Pour son neuvième long métrage Stéphane Brizé a modifié sa grammaire cinématographique : il a tourné des scènes de réunions (séquence inaugurale du divorce, réunions des cadres de l’entreprise, réunions du personnel, etc.) avec plusieurs caméras (jusqu'à trois) ce qui lui a permis de disposer de plusieurs axes de vues au montage. Ainsi, les acteurs professionnels (Vincent Lindon, Sandrine Kiberlain, Anthony Bajon, etc.) peuvent côtoyer des acteurs non professionnels (les employés) dont les maladresses de jeux (attitudes, voix, etc.) peuvent être estompées ou au contraire mises en valeur (séquence avec les délégués syndicaux). D’autre part par ses cadrages très précis, l’enchainement des séquences, le réalisateur a « fictionné » l’histoire en s’éloignant des prises de vues documentaire comme lors des deux volets précédents de la trilogie (La loi du marché, En guerre). Cependant, le scénario a été coécrit avec Olivier Gorce, après une longue enquête auprès de nombreux cadres d’entreprises ayant vécu douloureusement (ou pas !) cette obligation de performance devenue dans le métalangage managérial « la variable d’ajustement ». Les coutures minutieuses du scénario (alternance des séquences positives/négatives) font irrésistiblement penser à un autre cinéaste français Claude Sautet (1924/2000) pour son film choral : Vincent, François, Paul… et les autres (1974).

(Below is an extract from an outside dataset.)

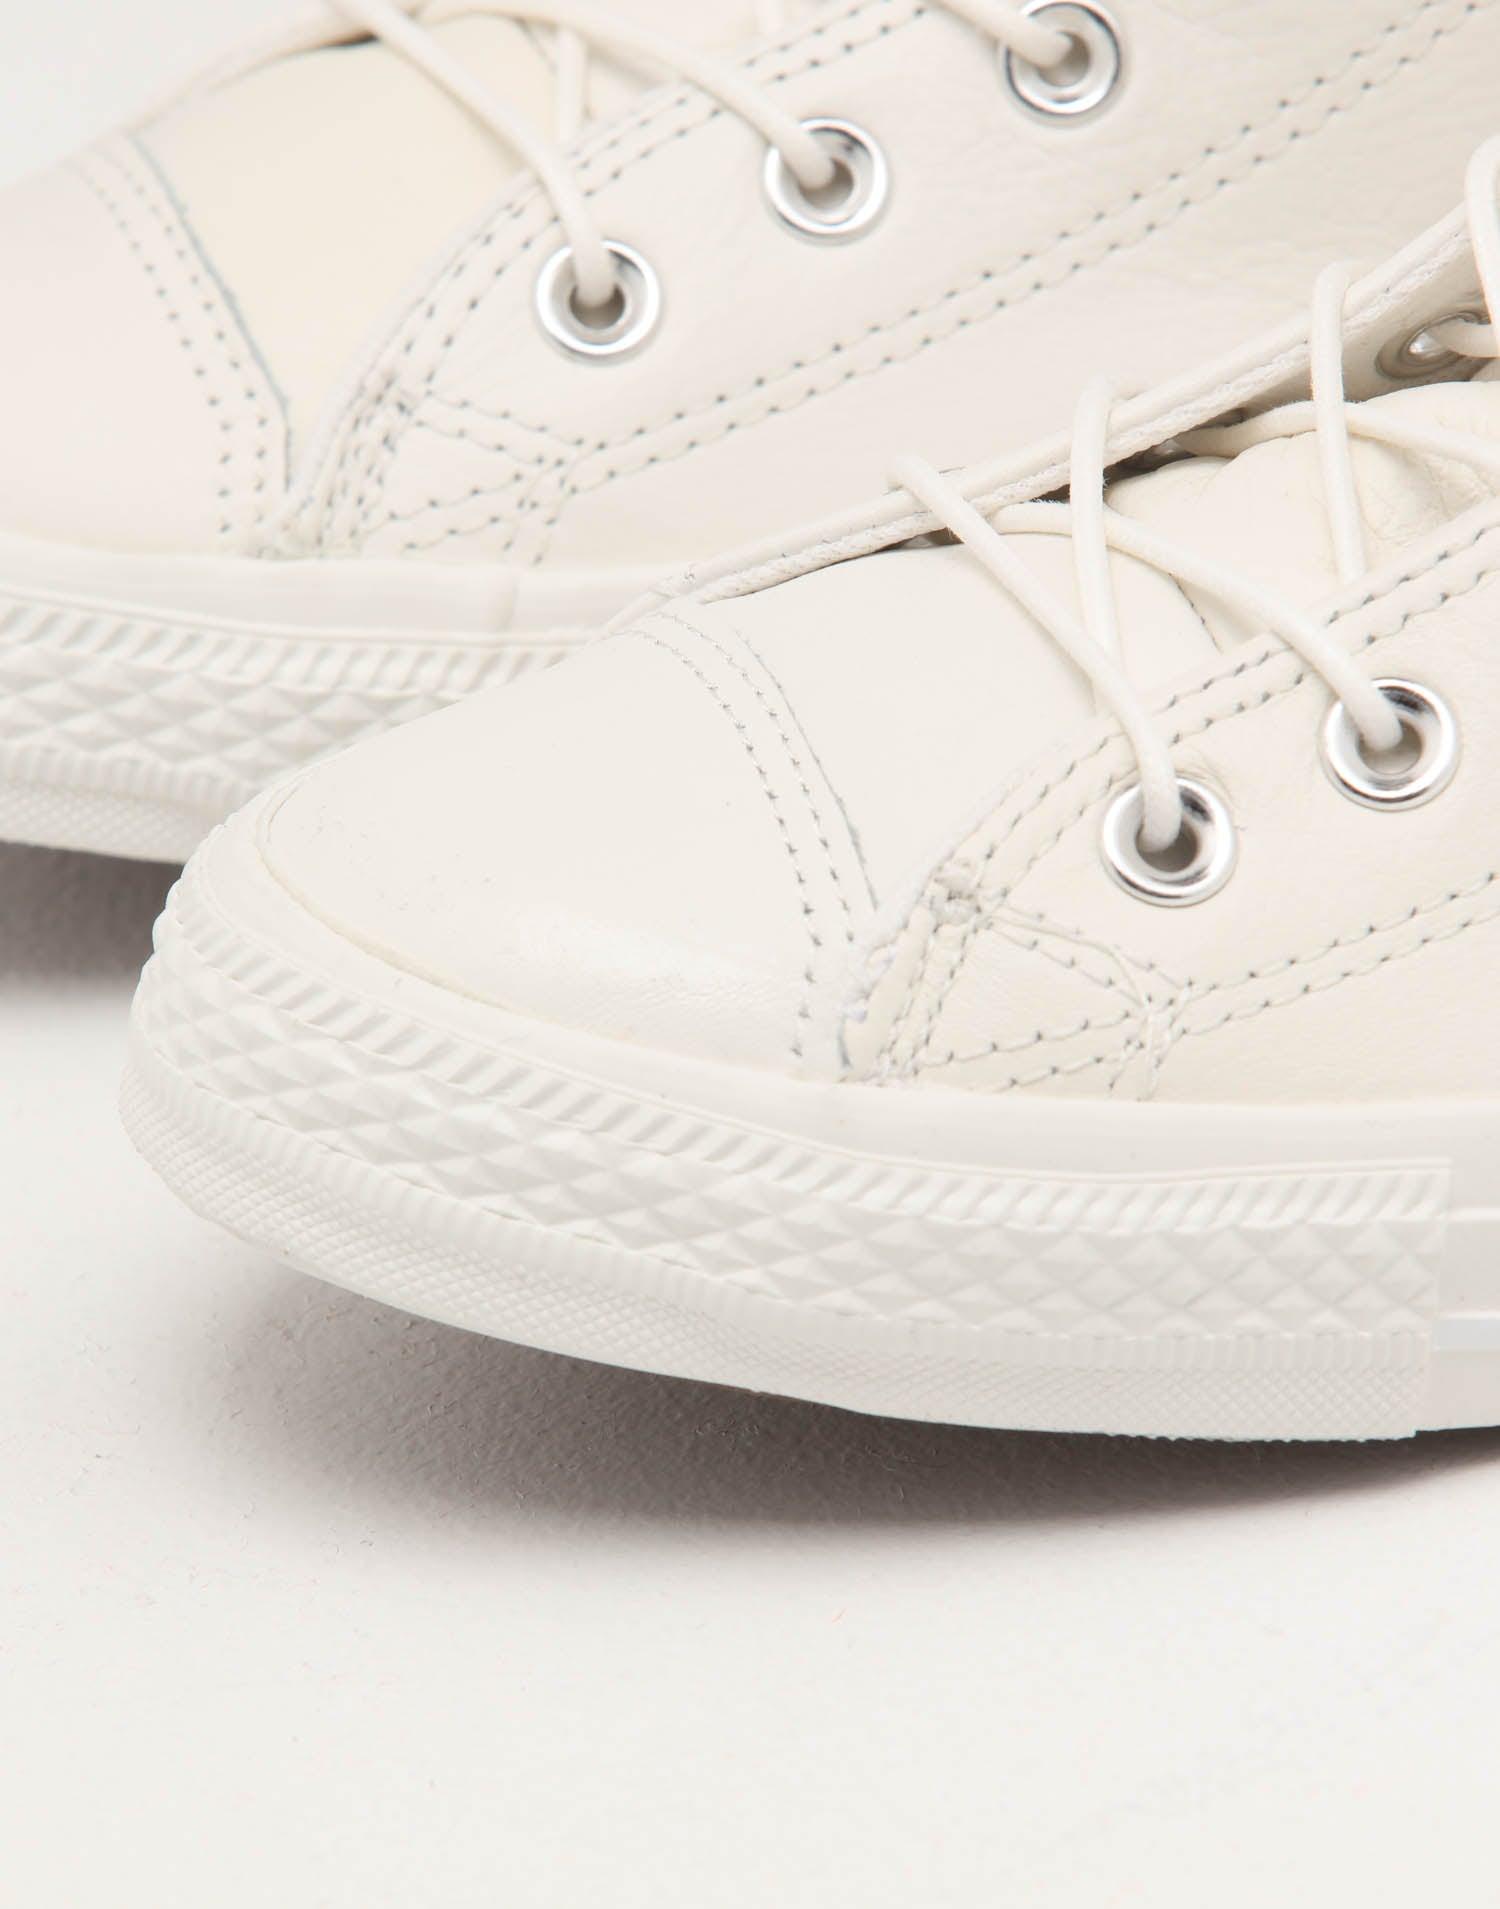 Converse Chuck Taylor Seasonal Leather Hi Vintage White
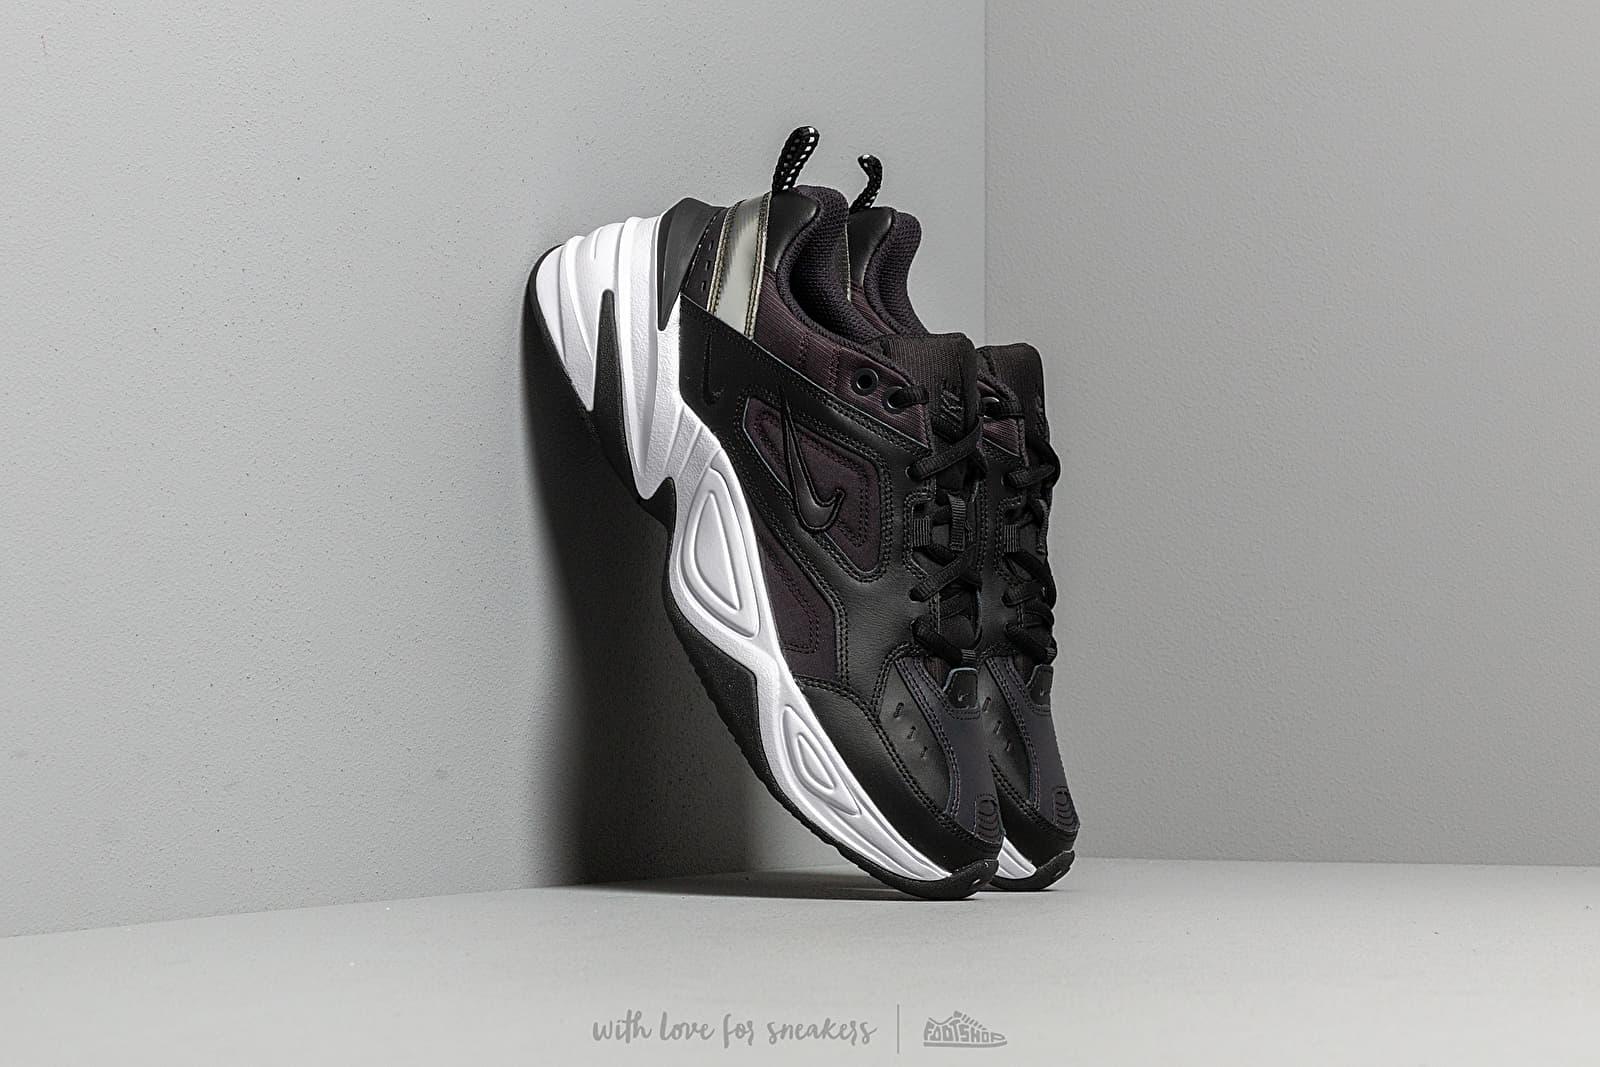 ff2741435ab Nike W M2K Tekno Black/ Oil Grey-White at a great price 95 €

Stéphane Brizé déclare dans un interview qu’il a compris la nécessité de ne pas opposer « les méchants cadres contre les gentils ouvriers ». Tout manichéisme est une absurdité. Dans notre monde complexe, mondialisé, soumis à la loi du néolibéralisme décomplexé, le « dumping » économique et social pratiqué dans de nombreux pays, voisins ou lointains, fait potentiellement du dirigeant d’une entreprise tout autant une victime que ses salariés : au final, il perd aussi après avoir fait le « sale boulot ».
Un autre monde démonte l’horlogerie de l’oppression, du chantage et de la soumission car chaque manager a un patron et le patron suprême est le marché. Le boss d’Elsonn, monsieur Cooper l’affirme sans détour : « c’est Wall Street !».